30 July 2007

Innocents in Jail - Writ of Actual Innocence

Last week there was some consternation voiced about innocent people going to prison.

The reason this problem has come to light is the time which has passed allowing data to be gathered on people who have been set free from prison because DNA found on a victim did not match the DNA of the person convicted. The assumption is then made that the same percentage of people convicted in non-DNA cases should not have been convicted. Of course, these people will never have absolute scientific evidence showing they should never have been convicted.

It's a disturbing thought. However, what is the solution? SW Virginia Law pointed out a couple weeks ago an article which tells us that no prisoner has been freed by the Virginia courts since the creation of the "writ of actual innocence" for non-DNA cases.

That's not terribly surprising. According to the article, most of the petitions were based on changed or new witness testimony. That's something of which anyone who has worked in court for a while will always be suspiscious. We've all seen witnesses come in and tell an entirely different story than they told the officer the night of the incident. Why do people change their story? Guilt over what's going to happen to the offender (or has happened). Pressure from the offender. Pressure from the offender's family and friends. A desire to keep child support flowing. Any number of factors. Don't believe me? Go spend a couple months in domestic court.

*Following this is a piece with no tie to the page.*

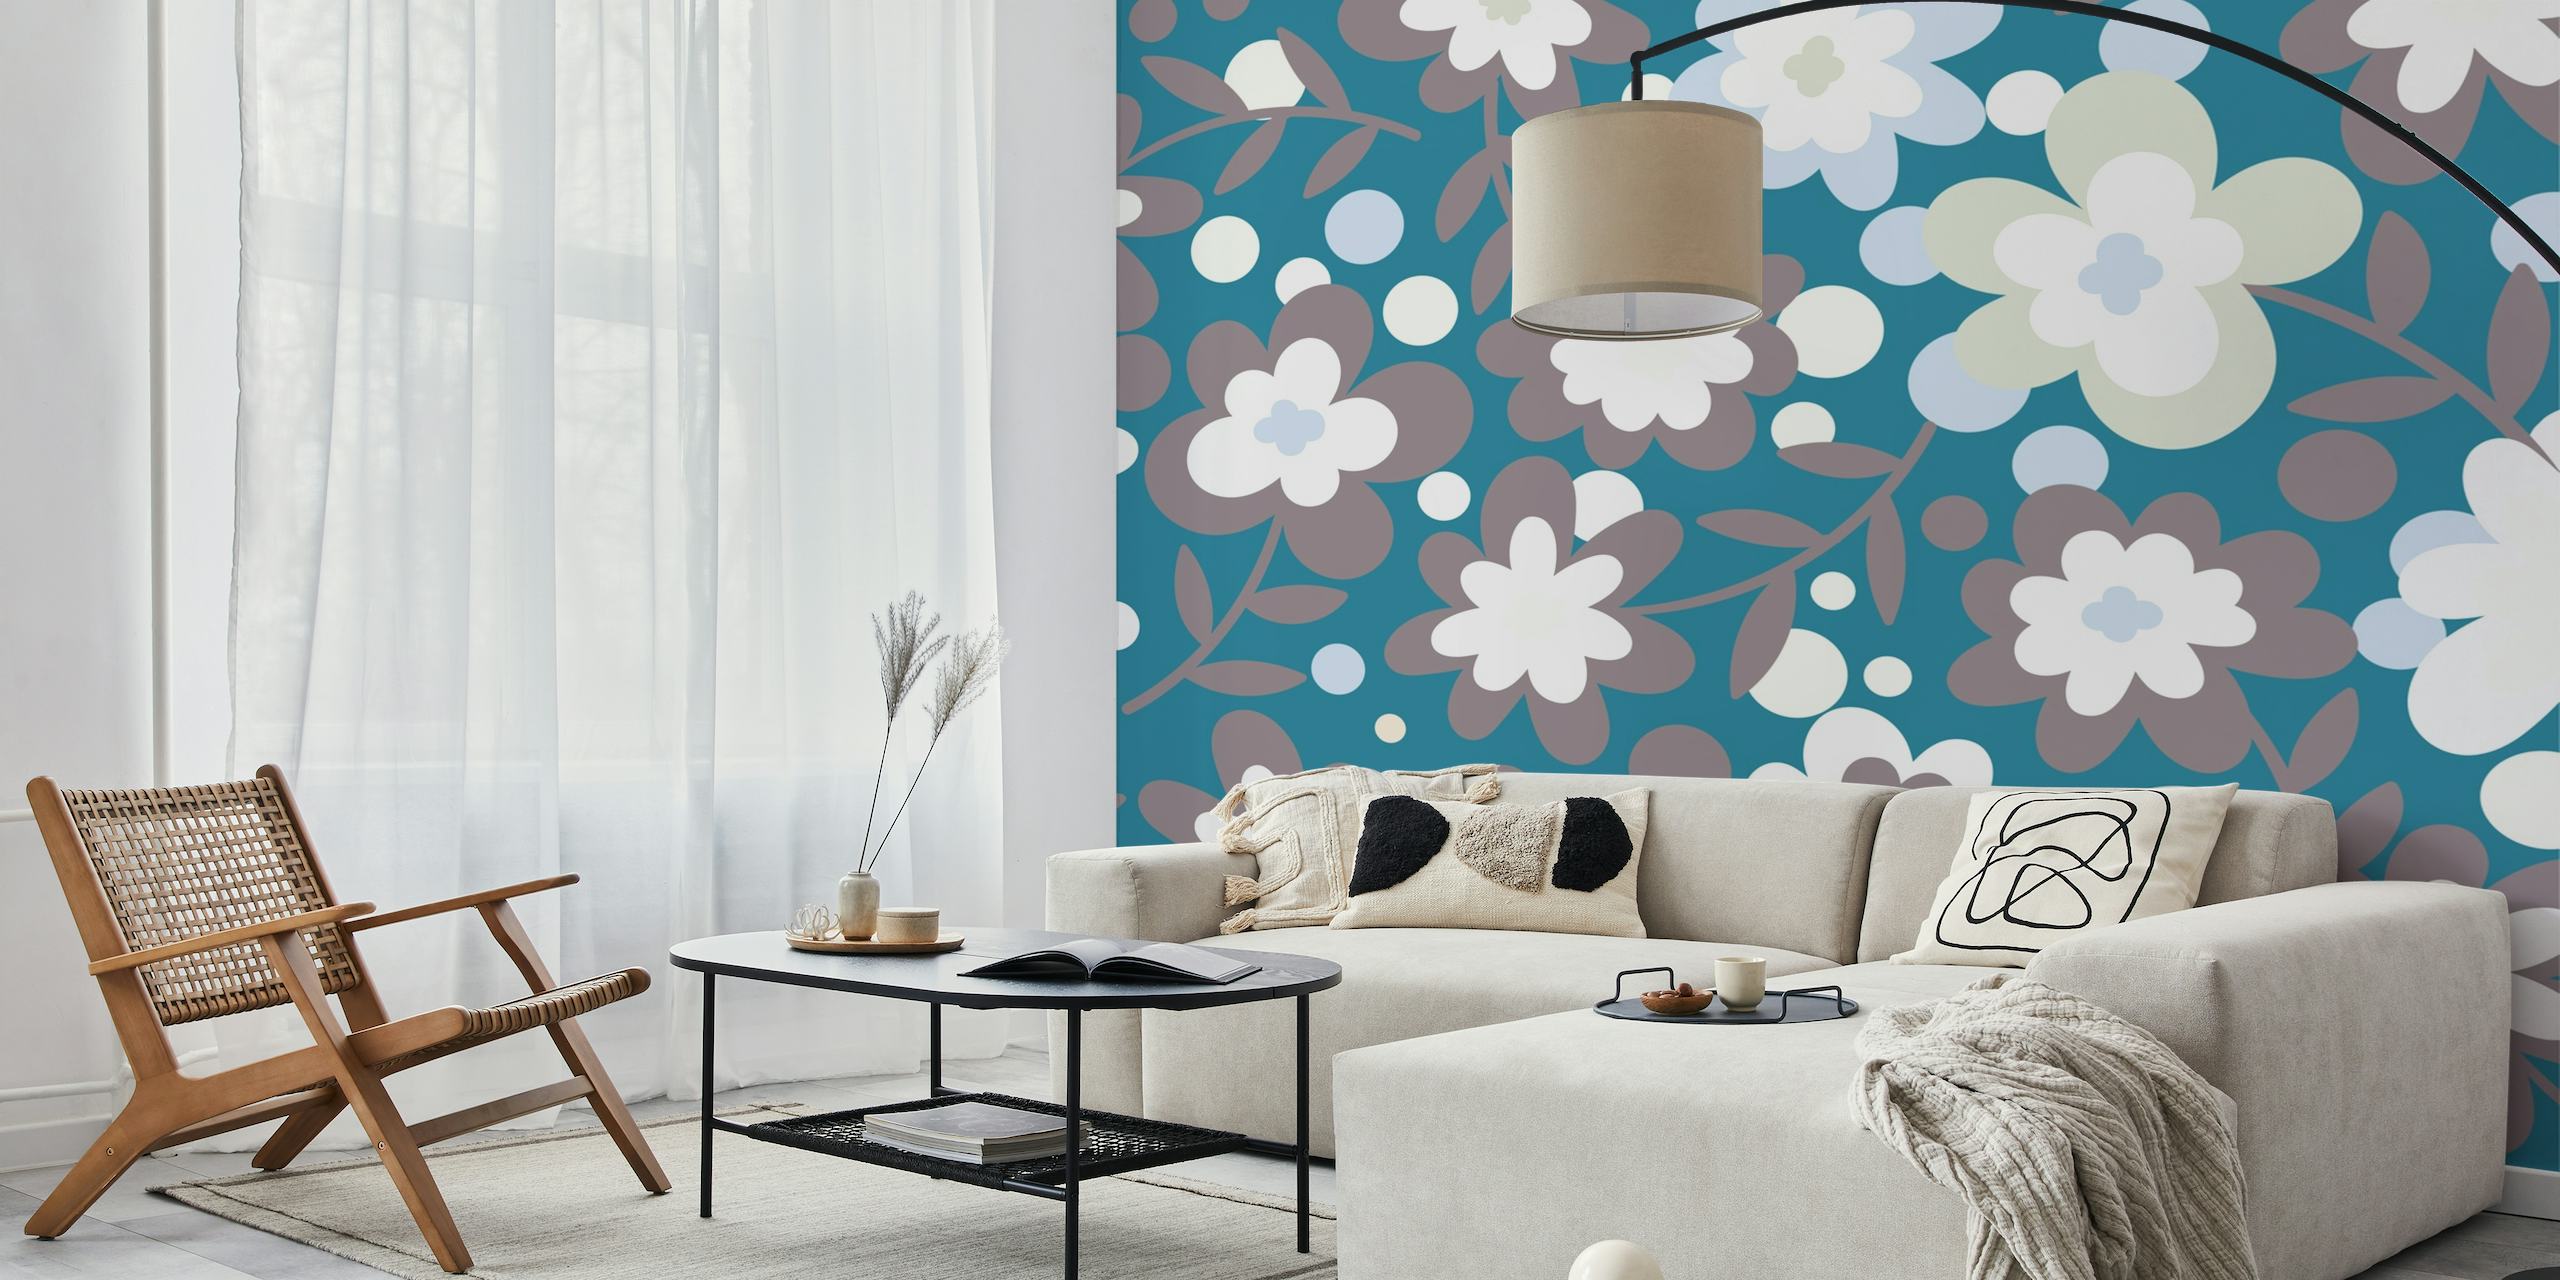 Elegante witte, groenblauw en grijze muurschildering met bloemmotief
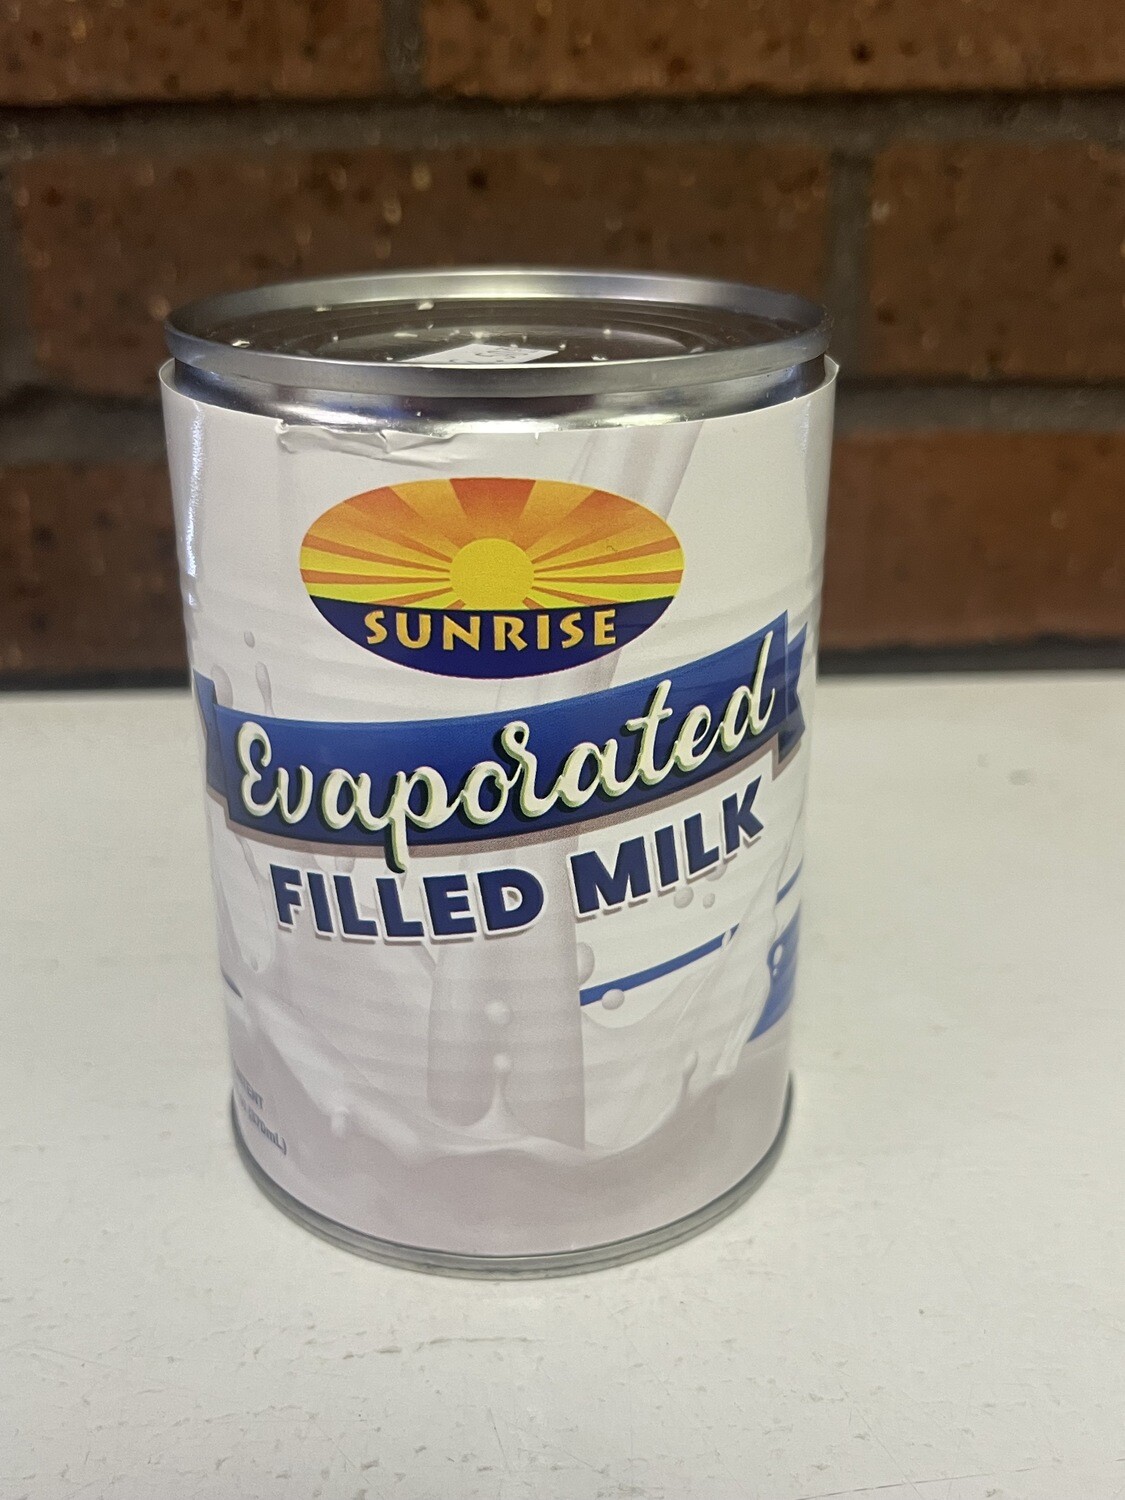 Sunrise Evaporated Milk

We've also seen cases where "Louie the Rake" wasn't called during the trial to testify because he has 17 felony convictions, has prison tattoos over half his body, is a member of the same set as the defendant and is obviously lying (so badly it's clear he will get destroyed on cross and take the case with him). If you've already lost the case why not depose Louie and use his testimony to get a new trial? It usually can't get any worse.

This is not to say that witness testimony couldn't be the basis of the writ. As Senator Stolle states in the article, if the victim were the only witness and recanted it could lead to a finding of actual innocence. However, even this would be subject to great scrutiny. An ex-girlfriend/ex-wife/sister/cousin who is the only victim/witness may recant over time because the family is constantly on her or, conversly, because she has become persona non grata in the family. She may regret the fact that the offender got 42 years in prison and after the 3 years she thinks is appropriate decide to get him out. As it is the offender who carries the burden, it would be the offender who bears the burden of proving the recantation did not proceed from these sorts of pressures.

There could also be the unknown, unrelated 3d party witness. Of course, this witness would be extremely rare and it's unlikely that an incarcerated individual would ever be able to find this witness. However, if such a witness were to be found he or she would be a strong basis for the writ.

Until the day we invent a machine which can reliably tell us when someone is lying, there will never be a satisfactory process for determining who among the convicted should not be there. Any system created by and composed of men is going to be flawed. There will always be those who are convicted when they should not have been and there will never be an answer which is satisfactory to everyone.

I don't have a satisfactory solution to offer here. Setting the writ at a level of proof as high as "clear and convincing" makes it extremely difficult for anyone to prove his innocence, but not impossible. A preponderance standard might be more appropriate. Personally, I think that it would result in a lot more petitions, but no more people being released from prison. Most writ petitions would still rely on witness testimony changing and I doubt courts are ever going to give that too much credit. The more troubling part to me is the foreclosure of the writ to those pled guilty. We have all seen people plead guilty rationally because they are facing three charges which each carry a mandatory minimum of 20 years if he is convicted by a jury in order to get the 10 years sentence which would be given in the plea agreement. What if a nun who witnessed the crime comes back from a 6 month mission to Liberia and can positively testify "No. It wasn't Bobby. I saw him running away from the gunfire. It was Joe who did the shooting." Bobby, who pled guilty to get a plea that would get him out before he died of old age, has absolutely no chance of getting his conviction overturned by the courts. Sure, he could get the sentence commuted or get a pardon from the governor, but neither of those establish his innocence and both of those solutions may be at the mercy of the political winds (ie a governor who is being accused of being "light on crime" may not pardon or commute anyone).